Unhappy with the outcome of central-government facilitated talks with Chhattisgarh over construction of barrages on Mahanadi river in its neighbouring state, Odisha Saturday said it is considering the option of approaching the Supreme Court to set up a tribunal under the Inter-state Water Dispute Act of 1956.
“We will explore all options. We will leave no stone unturned to protect the interests of Odisha. That would certainly include the legal option of approaching the apex court to set up a tribunal… The serious environment threats posed by these projects will be decisively challenged in all suitable forums, including the National Green Tribunal,” the Odisha government said in a statement.
The statement came after a more than two-hour long meeting between Odisha CM Naveen Patnaik and Chhattisgarh CM Raman Singh, convened by the Water Resources Ministry here.
Odisha is objecting to the construction of six barrages on Mahanadi river in Chhattisgarh, upstream of the Hirakud dam, which, it claims, would have “disastrous consequences on the livelihoods of millions of farmers, fishermen”. Odisha says these barrages would “drastically affect the fragile ecosystem of Mahanadi”. It also says it should have been consulted by Chhattisgarh in this matter.
But Chhattisgarh says Odisha is blowing the issue out of proportion. It says the new barrages would hold just 274 million cubic metres (MCM) of water out of the more than 40,000 MCM that annually flows into the river.
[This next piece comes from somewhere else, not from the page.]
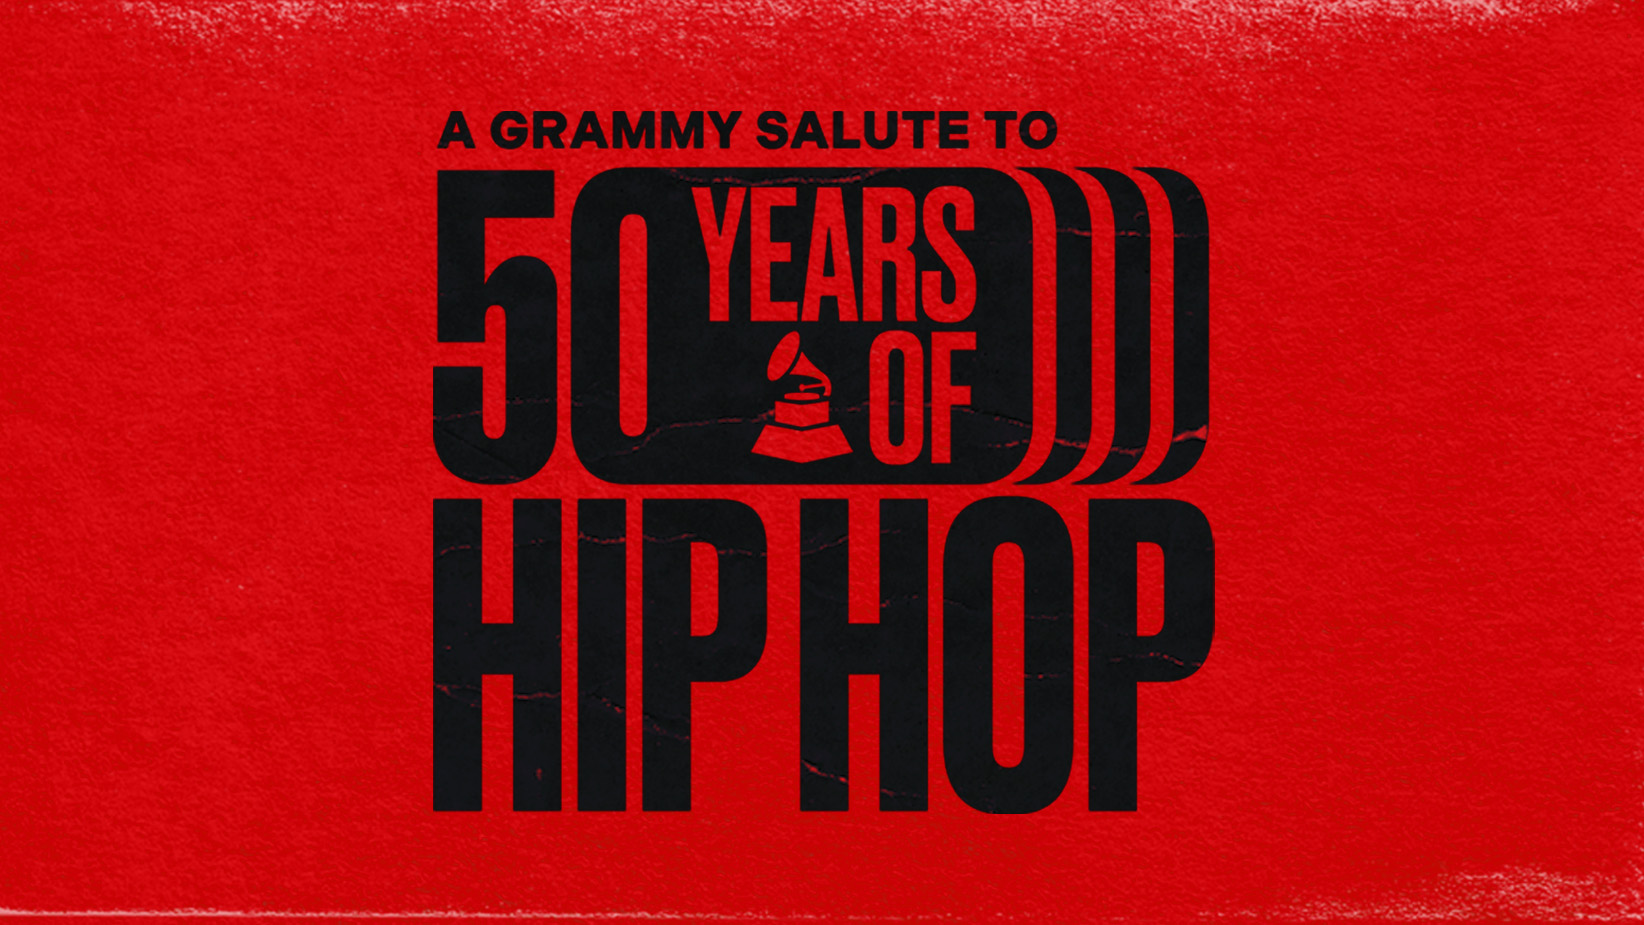 MC Lyte Discusses Hip-Hop's Impact On Global Culture At "A GRAMMY Salute To 50 Years Of Hip-Hop"

On Saturday, Chhattisgarh said there would be enough water in the Mahanadi to fill up Odisha’s Hirakud Dam “five to seven times over” even after the construction of the new barrages.
With their tussle threatening to go the way of the Cauvery water dispute between Karnataka and Tamil Nadu, the Centre had convened a meeting of the two states.
Water Resources Minister Uma Bharti said the Centre would ensure that no injustice is done to Odisha. She asked Chhattisgarh government to stop construction work on all the six barrages for a week, during which a team of experts would visit the states to check on Odisha’s claim that these projects have been initiated without required legal permissions.
Chhattisgarh has agreed for the inspection, but Odisha protested saying that work needed to be stopped till the entire issues was “revisited” and not just for a week. Chhattisgarh argued that more than 90 per cent works had been completed on all the six projects, and Odisha never objected to them earlier. The Centre has directed the Central Water Commission to install new gauges at the border of the two states to measure the flow in the river as it enters Odisha.